### Distributed Neural Networks

How to work with Cross Validation, Neural Networks and Clusters:

In [2]:
from sklearn.datasets import make_classification
from sklearn.model_selection import train_test_split
from sklearn.neural_network import MLPClassifier
from sklearn.metrics import accuracy_score
from keras.models import Sequential
from keras.layers import Dense
from keras.wrappers.scikit_learn import KerasClassifier
from sklearn.model_selection import StratifiedKFold
import warnings
from dask.distributed import Client
import os
import tensorflow as tf
import numpy as np
import time
os.environ['TF_CPP_MIN_LOG_LEVEL'] = '0' 
warnings.filterwarnings('ignore')




  from ._conv import register_converters as _register_converters
Using TensorFlow backend.


We create a simple binary classification dataset:

In [3]:
X, y = make_classification(n_samples=1000, n_features=10, random_state=42)
print("Example of datset row: "+str(X[:1]))

Example of datset row: [[ 0.96479937 -0.06644898  0.98676805 -0.35807945  0.99726557  1.18189004
  -1.61567885 -1.2101605  -0.62807677  1.22727382]]

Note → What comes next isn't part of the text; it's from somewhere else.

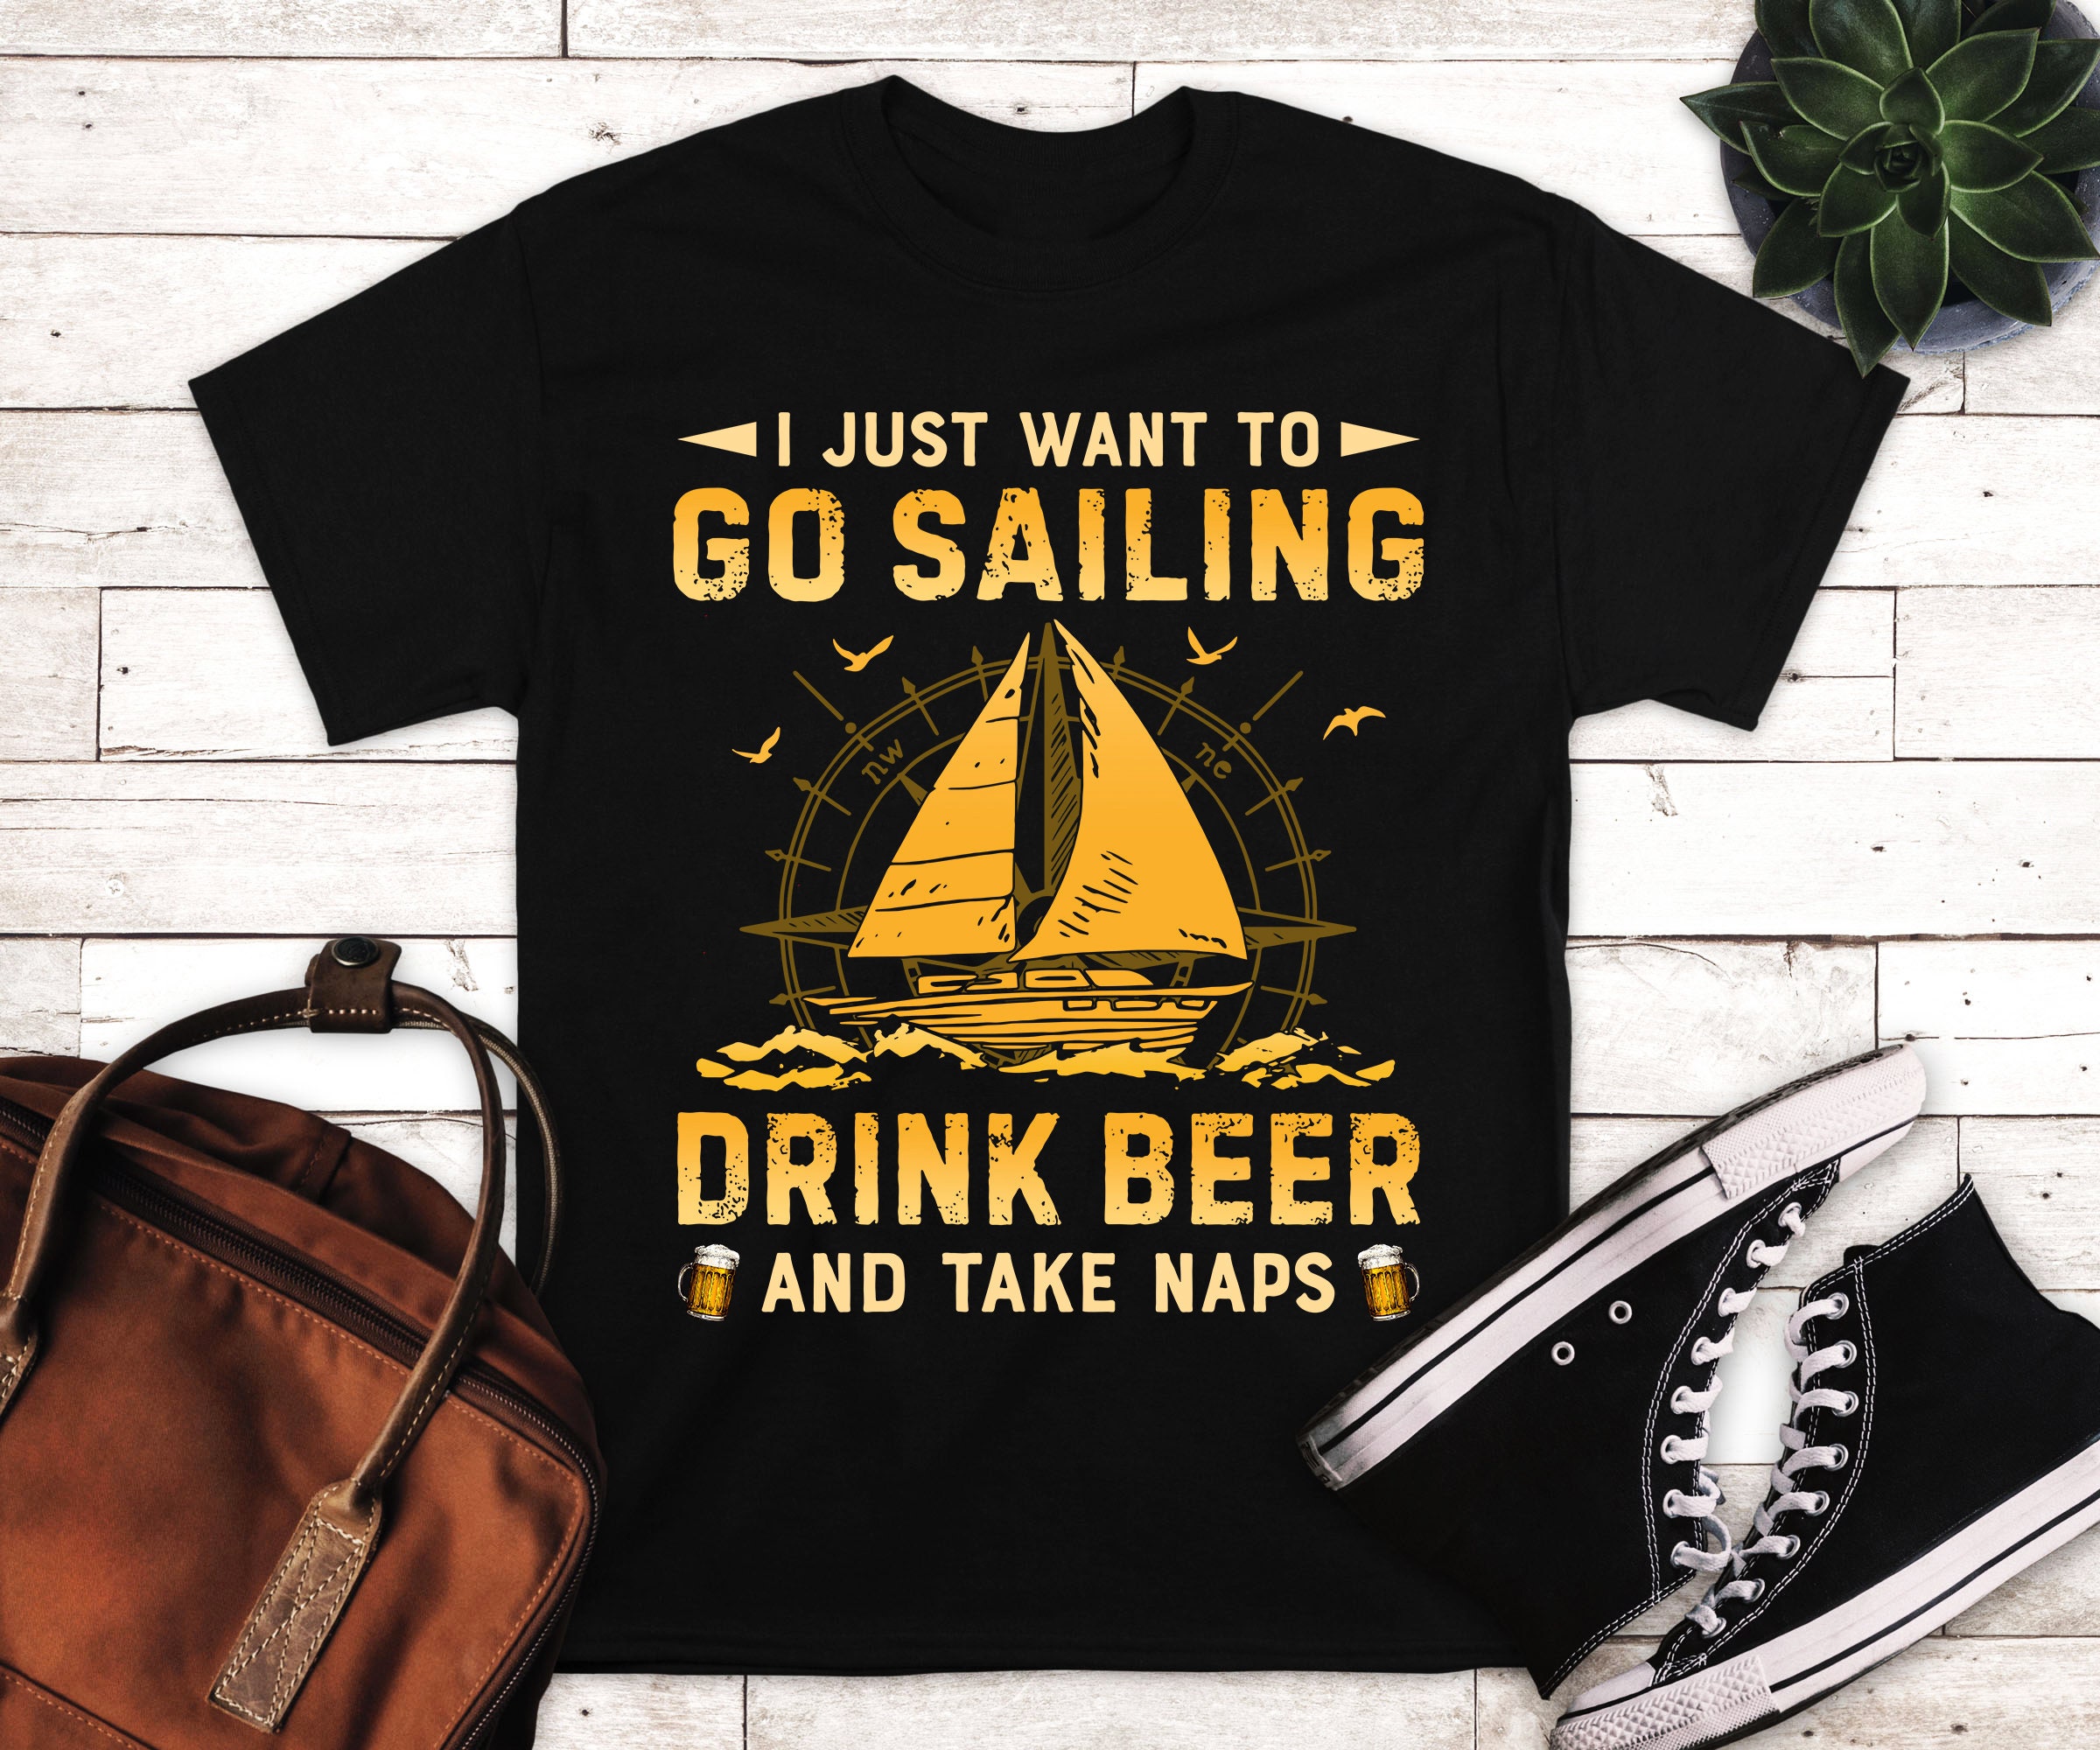 Just Want To Go Sailing And Drink Beer Shirt Go Sailing | Etsy

Let's define the ```Deep Neural Network```:

In [4]:
def build_deep_neural_network():
    
    # create model
    model = Sequential()
    model.add(Dense(60, input_shape=(10,), kernel_initializer='normal', activation='relu'))
    model.add(Dense(30, kernel_initializer='normal', activation='relu'))
    model.add(Dense(1, kernel_initializer='normal', activation='sigmoid'))
  
    
    model.compile(loss='binary_crossentropy', optimizer='adam', metrics=['accuracy'])
    return model


Prepare the cross validation data splits.

In [9]:
data_split = []
kfold = StratifiedKFold(5, shuffle=True, random_state=42)
for train, test in kfold.split(X, y):
    data_split.append((train, test))

Create our ```classifier``` instance:

In [5]:
clf = KerasClassifier(build_fn=build_deep_neural_network, epochs=100, batch_size=5, verbose=0)

Train the ```Deep Neural Network``` classifier for each dataset train split and test the trained model on each test dataset split, and in the end we calculate the mean of the results.

In [None]:
start_time = time.time()
results = []
for train_idx, test_idx in data_split:
    clf.fit(X[train_idx], y[train_idx])
    Y_pred = clf.predict(X[test_idx])
    results.append(accuracy_score(y[test_idx], Y_pred))
end_time = time.time()    
print("Mean of the results: "+str(np.array(results).mean())+" in: "+str(end_time-start_time)+"s")

The process have took several seconds, but wath change if we use a cluster instead? Let's see:

First, let create the cluster and share the dataset to it:

In [6]:

client = Client('127.0.0.1:8786')
client.scatter(X)
client.scatter(y)

Then, let's define the process that will be distributed:

In [7]:
def distribute_cross_validation(args):
    train_idx, test_idx = args
    with tf.device('/cpu:0'):
        clf = KerasClassifier(build_fn=build_deep_neural_network, epochs=100, batch_size=5, verbose=0)
        clf.fit(X[train_idx], y[train_idx])

        y_pred = clf.predict(X[test_idx])
        print(str(accuracy_score(y[test_idx], y_pred)))
    return accuracy_score(y[test_idx], y_pred)

Start the process and retrieve the results:

In [10]:
start_time = time.time()

futures = client.map(distribute_cross_validation, [(train_idx, test_idx) for train_idx, test_idx in data_split])
results = client.gather(futures)

end_time = time.time()   
print("Mean of the results: "+str(np.array(results).mean())+" in: "+str(end_time-start_time)+"s")

Mean of the results: 0.880029100727518 in: 19.9167821407s


The process took ~1/5 of the total time. In general approaches when you have to validate a reliable machine learning model, this process should be reapeated a huge number of times with random splits of data. Using cluster machines is essential to work in a proper way. Nowadays, the improvements of the deep models and the increase of the available data (big data) has further increase those necessities.

Note: This is a simple approach, but clusters are extremely useful even when the ml algorithms can be parllelized. Apache Spark, that we will see in last lecture,  exploit those ideas.